What you will do
Scan the records beneath this line for the line holding "Peshawar rugs are handmade" and the line holding "Peshawar rugs are durable, take", then transcribe exactly those two and all lines between.

Data in this exercise START

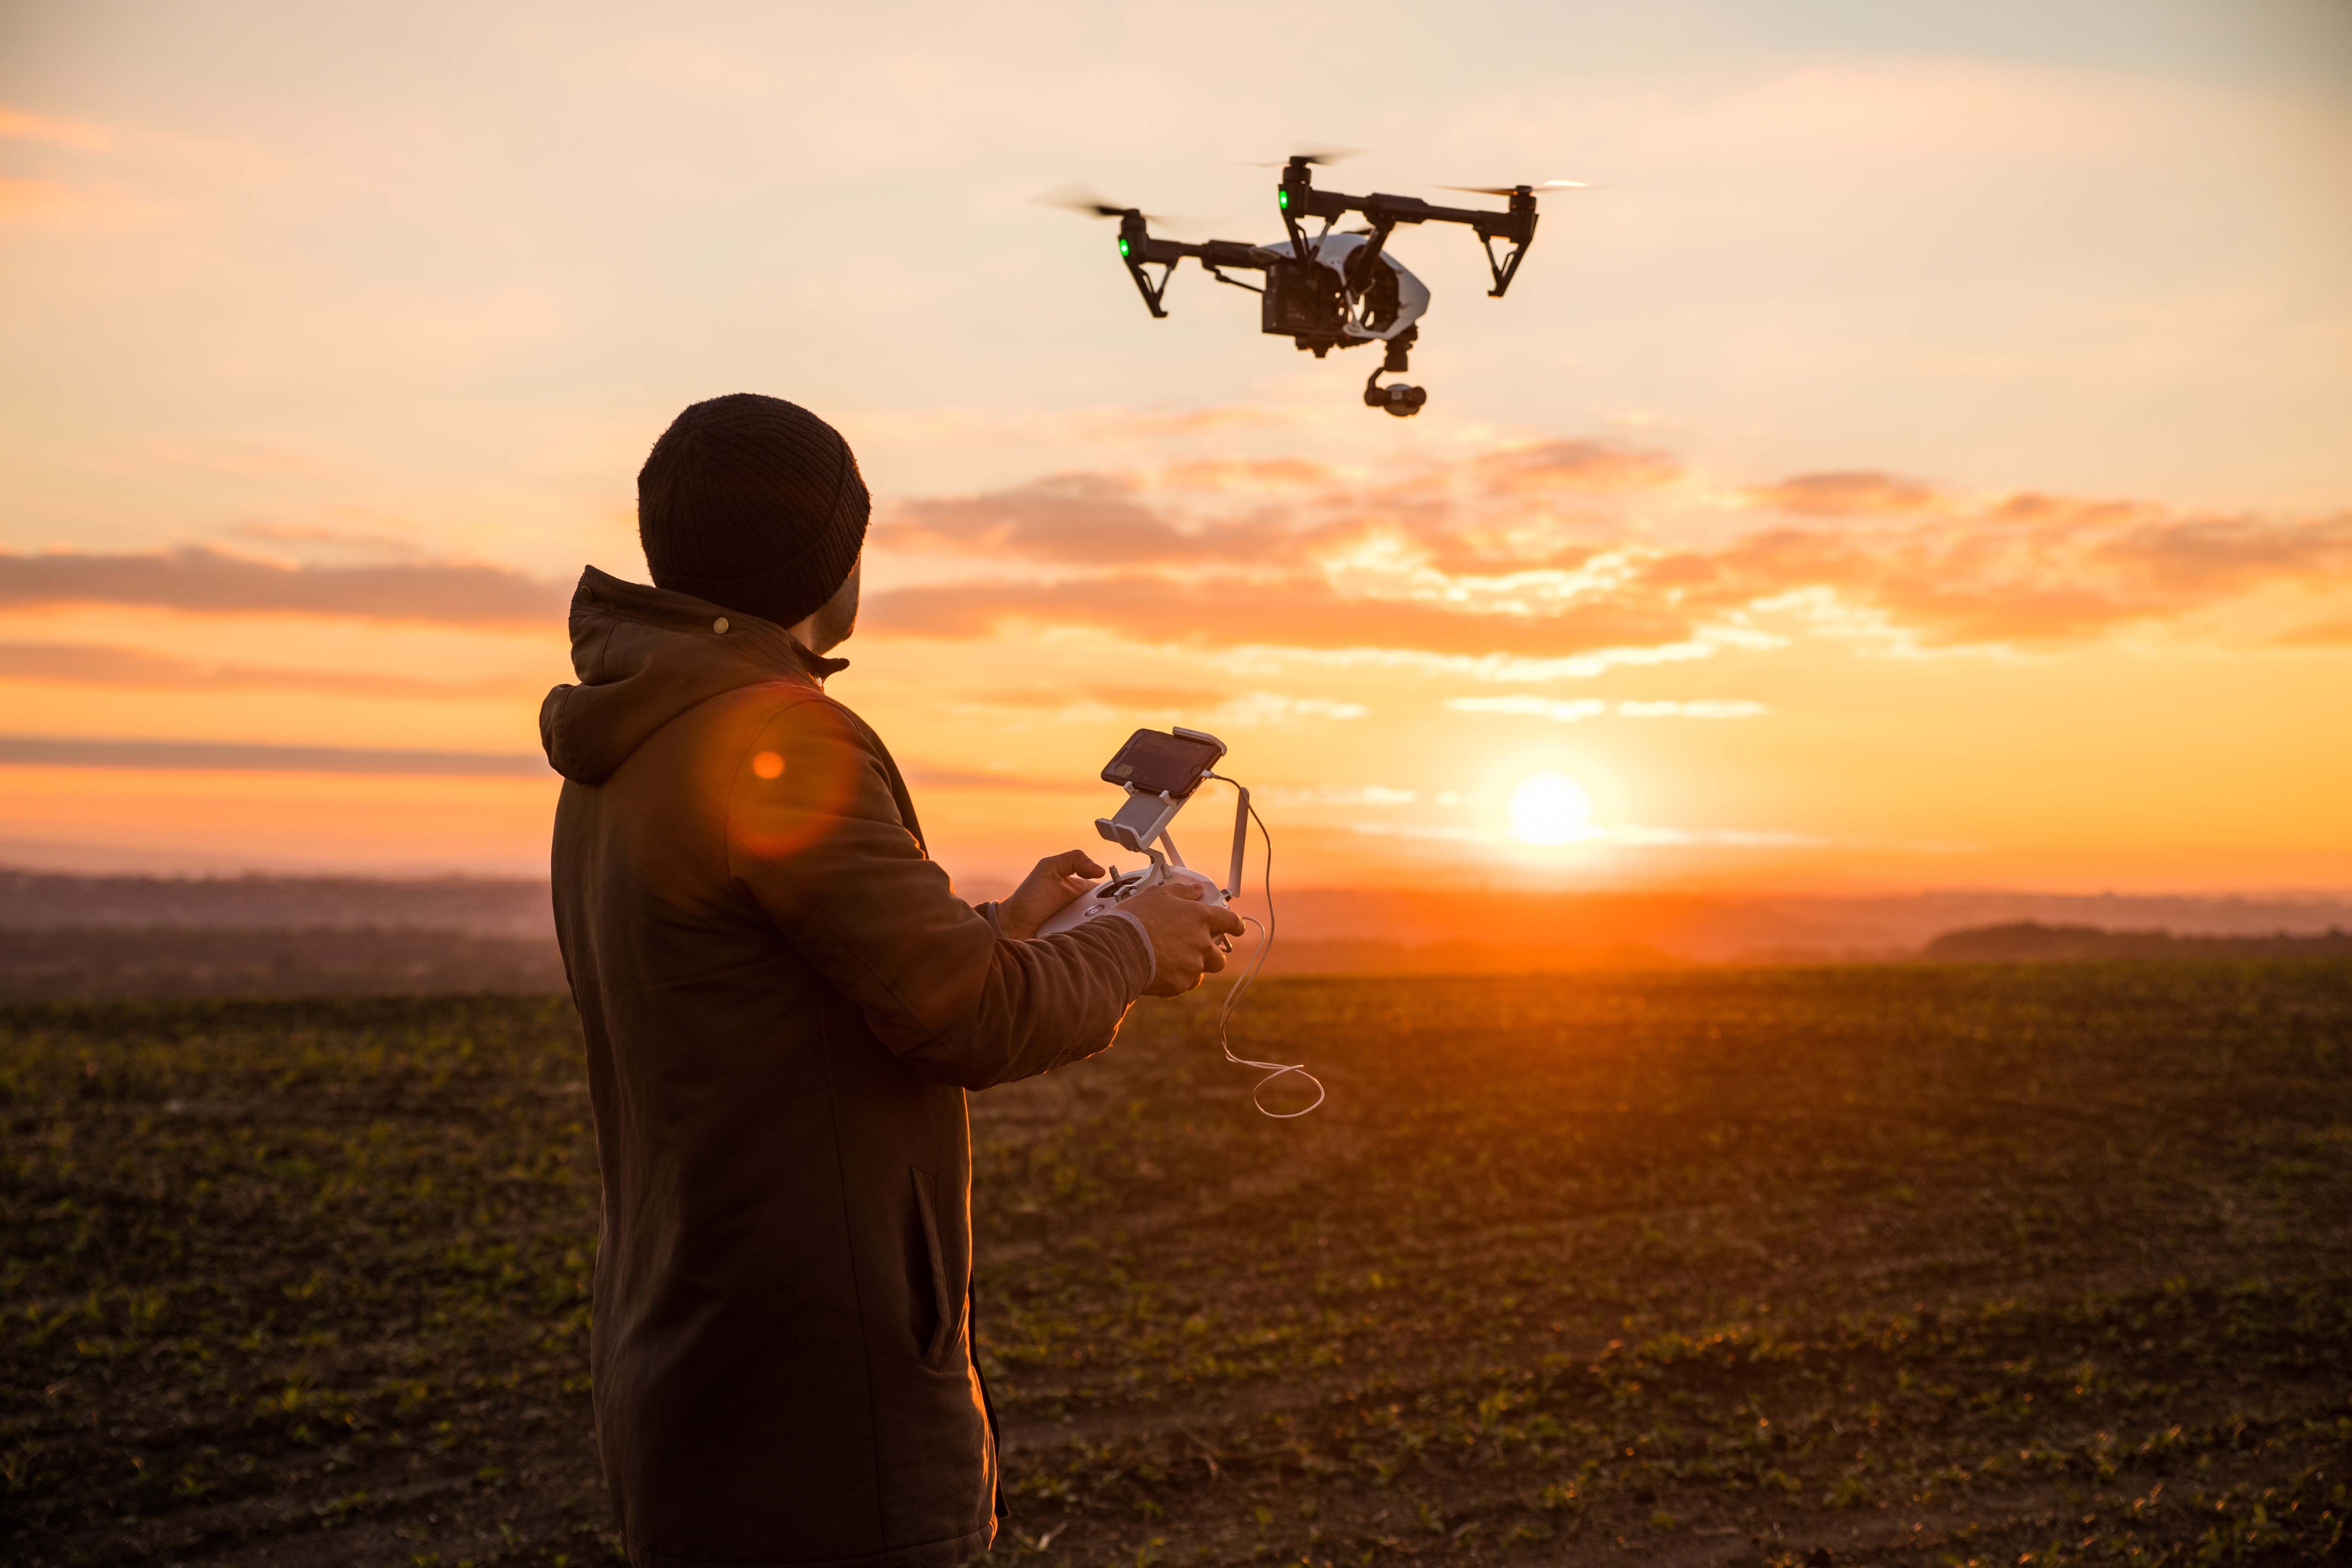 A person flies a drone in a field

Data in this exercise END
Data in this exercise START

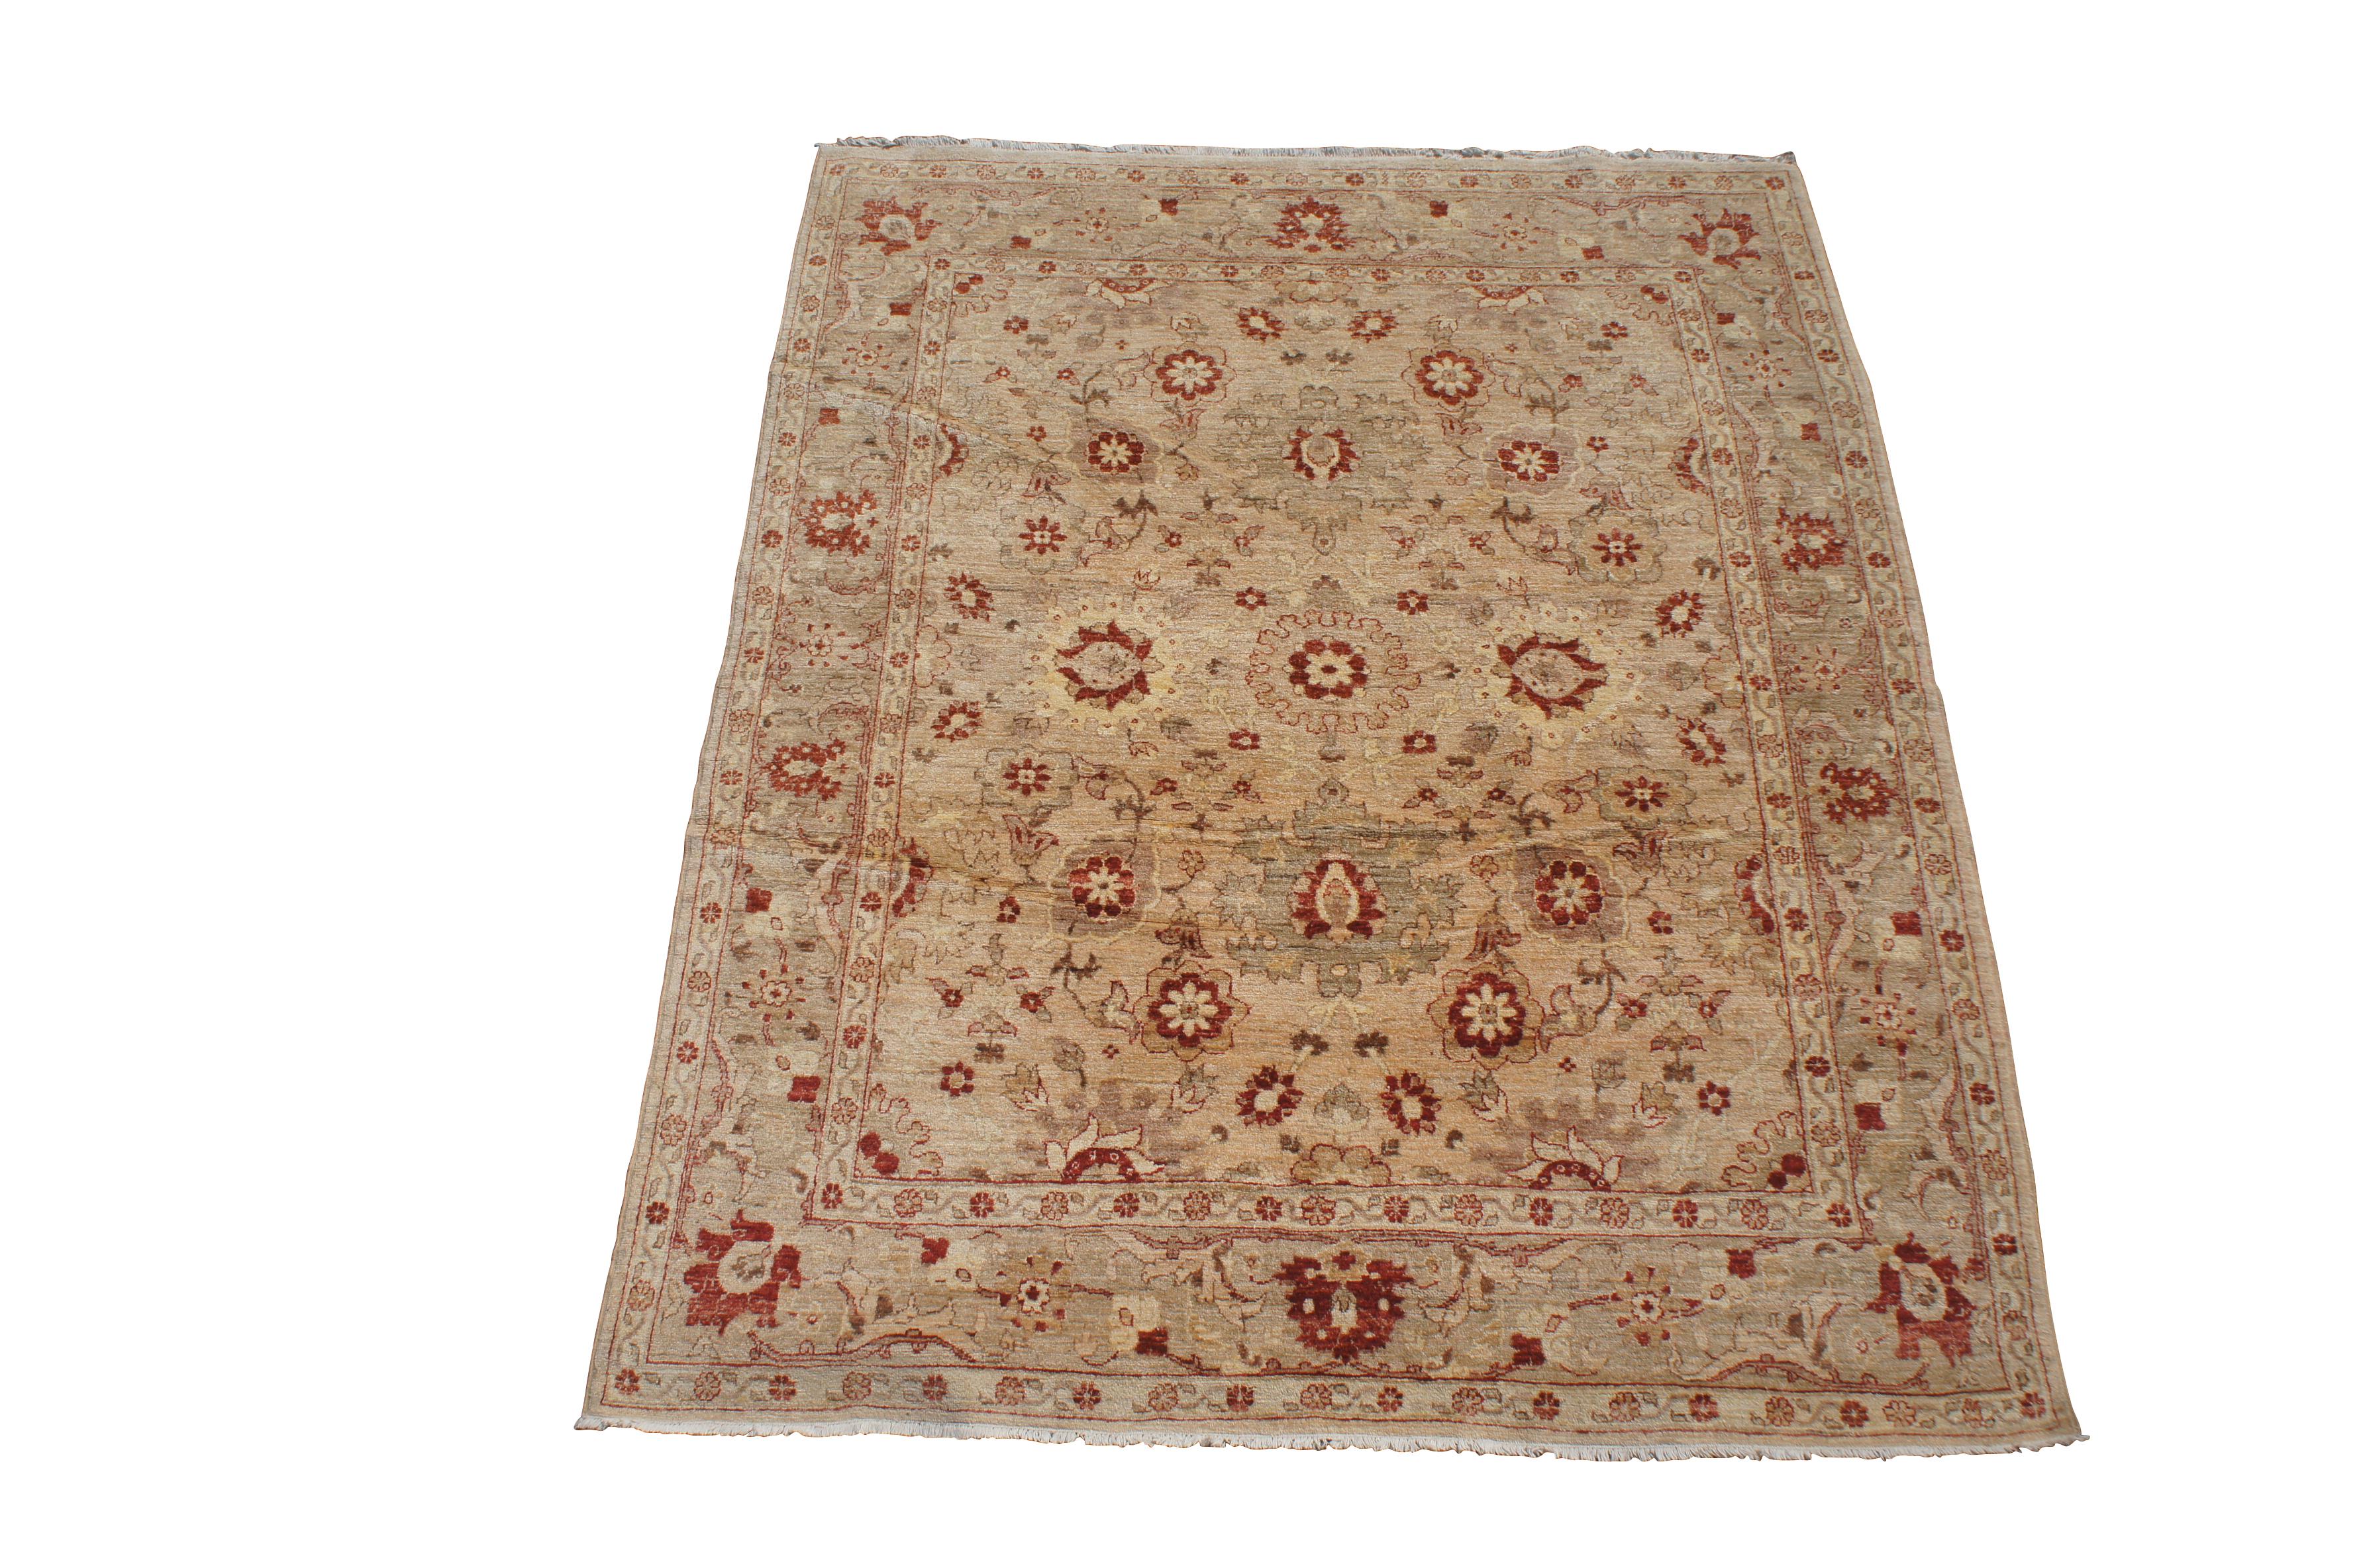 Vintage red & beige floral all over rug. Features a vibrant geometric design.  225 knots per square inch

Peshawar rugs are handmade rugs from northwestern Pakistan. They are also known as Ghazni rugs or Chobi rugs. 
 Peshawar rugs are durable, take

Data in this exercise END

Your solution
Peshawar rugs are handmade rugs from northwestern Pakistan. They are also known as Ghazni rugs or Chobi rugs. 
 Peshawar rugs are durable, take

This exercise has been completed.